Soundings : Snafu at DEEC
Word came in October from DEEC, the state Department of Early Education and Care, that the agency faced a large internal deficit as well as the prospect of funding cuts - and had decided to balance its budget by squeezing the providers who serve our children.
For the past decade, the state's grants to Martha's Vineyard have been administered by the Vineyard Affordable Childcare Project.
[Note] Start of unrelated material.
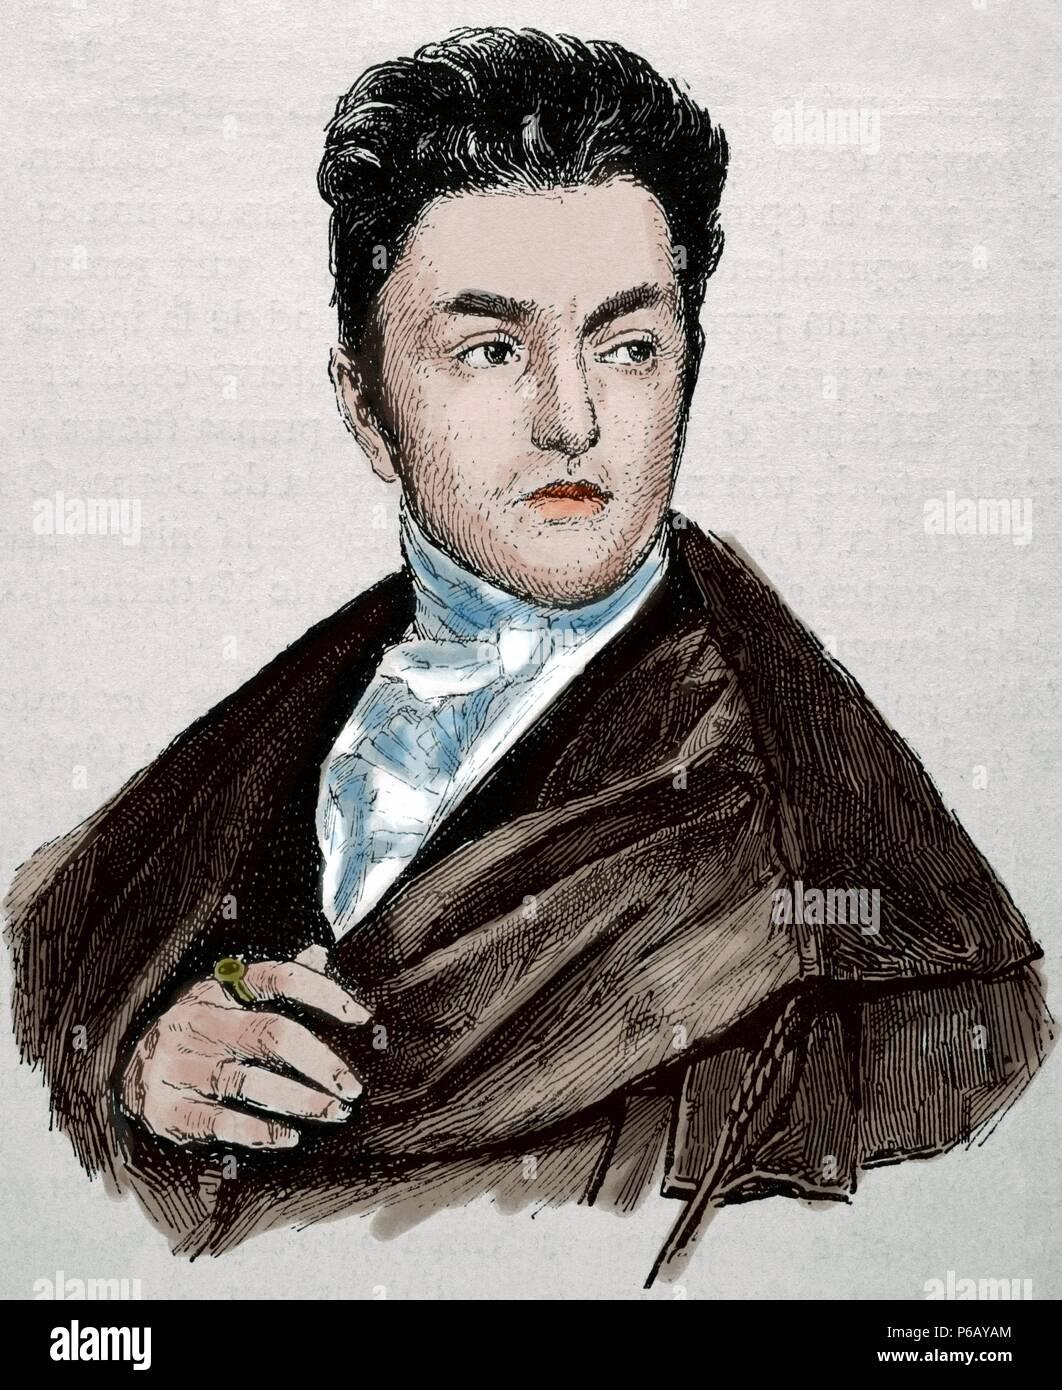 Maximilian Emanuel von Lerchenfeld (1778-1843). Germany. Engraving by Historia Universal, 1883. Colored. - Stock Image
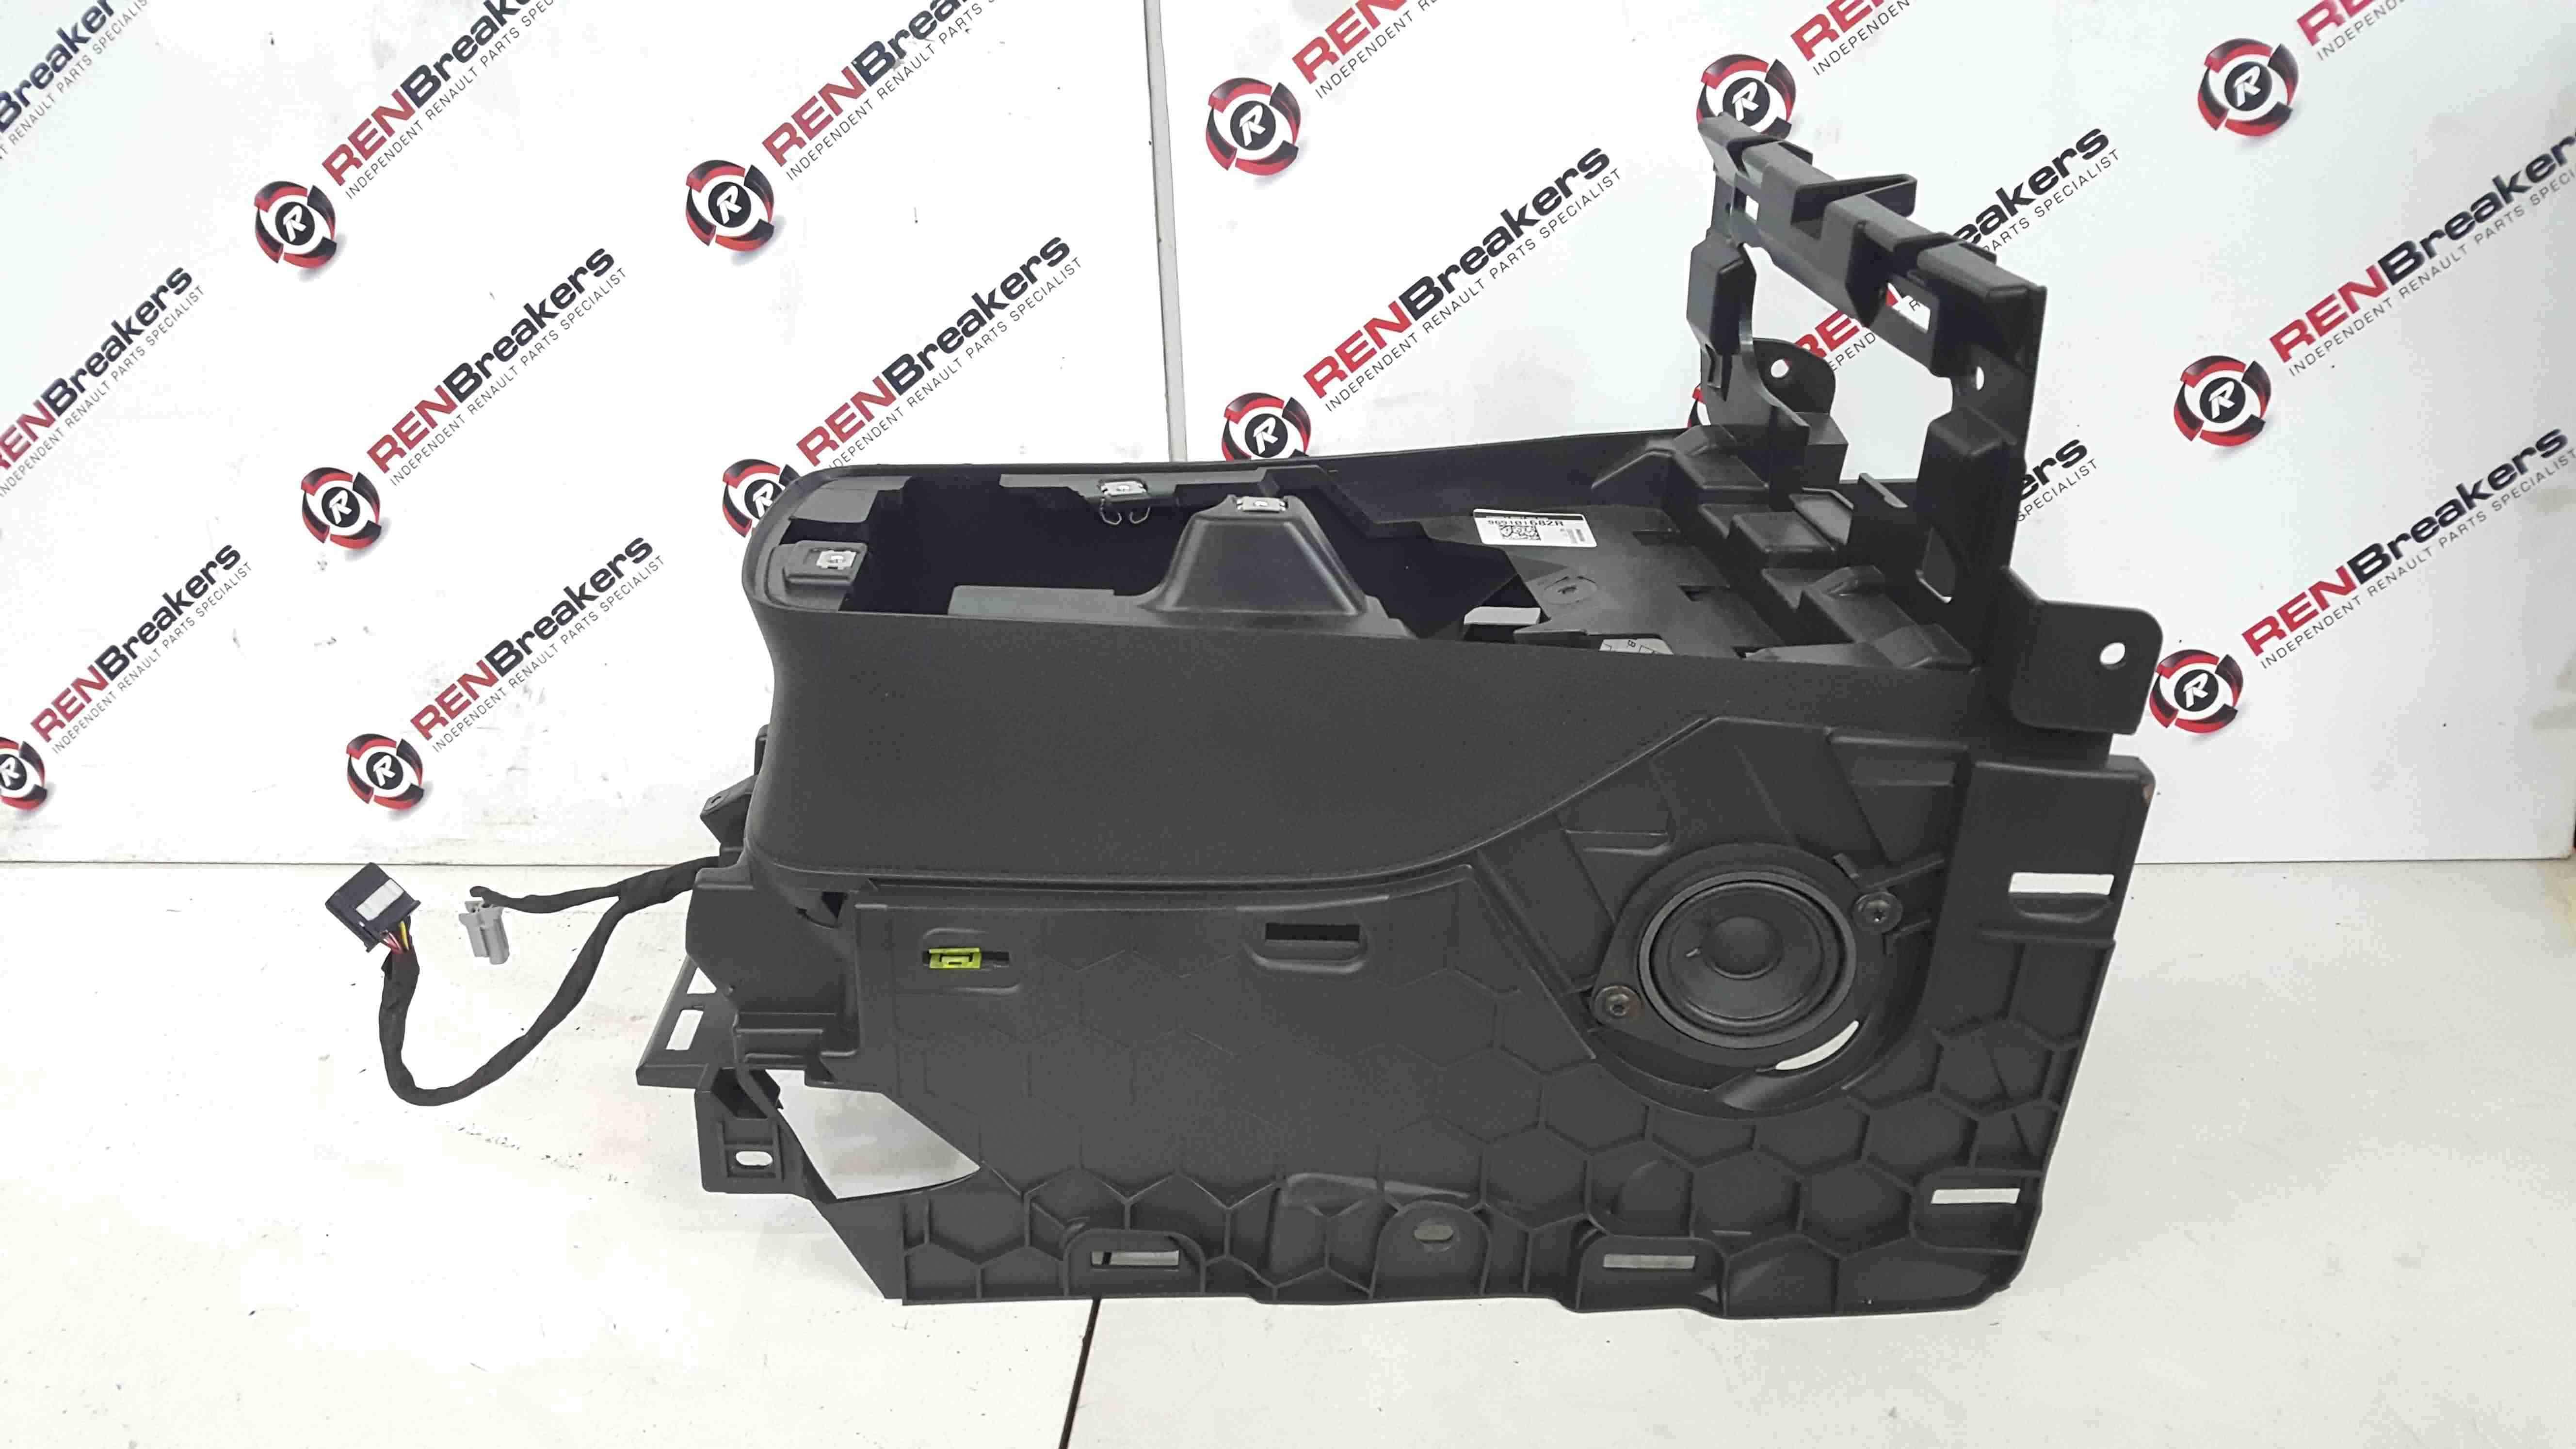 Renault Captur 2019-2021 Centre Console Plastic Surround 969101682R

With their deep knowledge of the community, VACCP coordinators Pat Ingalls and Judi O'Donoghue have run a lean program that makes the most of the dollars available for working Vineyard families who need help with daycare and preschool expenses.
Because state policies have forced a focus on the neediest families - those who require the largest subsidies to meet the costs of daycare - the pool of families served on Martha's Vineyard has shrunk from about 100 to 50 over the past decade. But even against the backdrop of this trend, the news from the state agency this fall was shocking:
- As of November 3, no new families were to be enrolled in the program that delivers financial aid on a sliding scale toward the costs of daycare.
- CPC funds would no longer be handled by local administrators with ties to the community, but by regional caseworkers. This means phasing out VACCP and telling Islanders to arrange for their services, such as they are, from an office on the Cape.
- Worst of all, even the few families still getting aid will receive sharply reduced subsidies that meet an artificial limit set by the state - nothing near the actual rates charged by Martha's Vineyard providers.
According to Ms. O'Donoghue, who coordinates monthly payments from VACCP to nine private preschool centers and 10 family childcare providers on Martha's Vineyard, the rates for daycare and preschool here range from about $42 to $55 per day. The state has declared it will pay just $26.30 for a day of childcare in a home and $33.25 for a day of preschool.
This forces Martha's Vineyard's preschools and home daycare providers to choose between two painful options: Either try to provide this essential service at a cost between 20 percent and 52 percent below their published rates, or tell 50 Island families that they can't accept their children any longer.
This week, all 19 providers who work with VACCP told DEEC that its new reimbursement scheme is unacceptable - that they cannot afford to care for children at these low rates.
To understate the case greatly, providing childcare is no road to riches. According to the federal Bureau of Labor Statistics, childcare workers at daycare centers across the United States in 2007 earned an average $8.49 an hour. You can earn more straightening cans of beans in the aisles of a supermarket than looking after human beings in a preschool. There's precious little wiggle room in a preschool's budget; when you ask it to cut costs, you're taking money from caregivers who aren't earning much to begin with.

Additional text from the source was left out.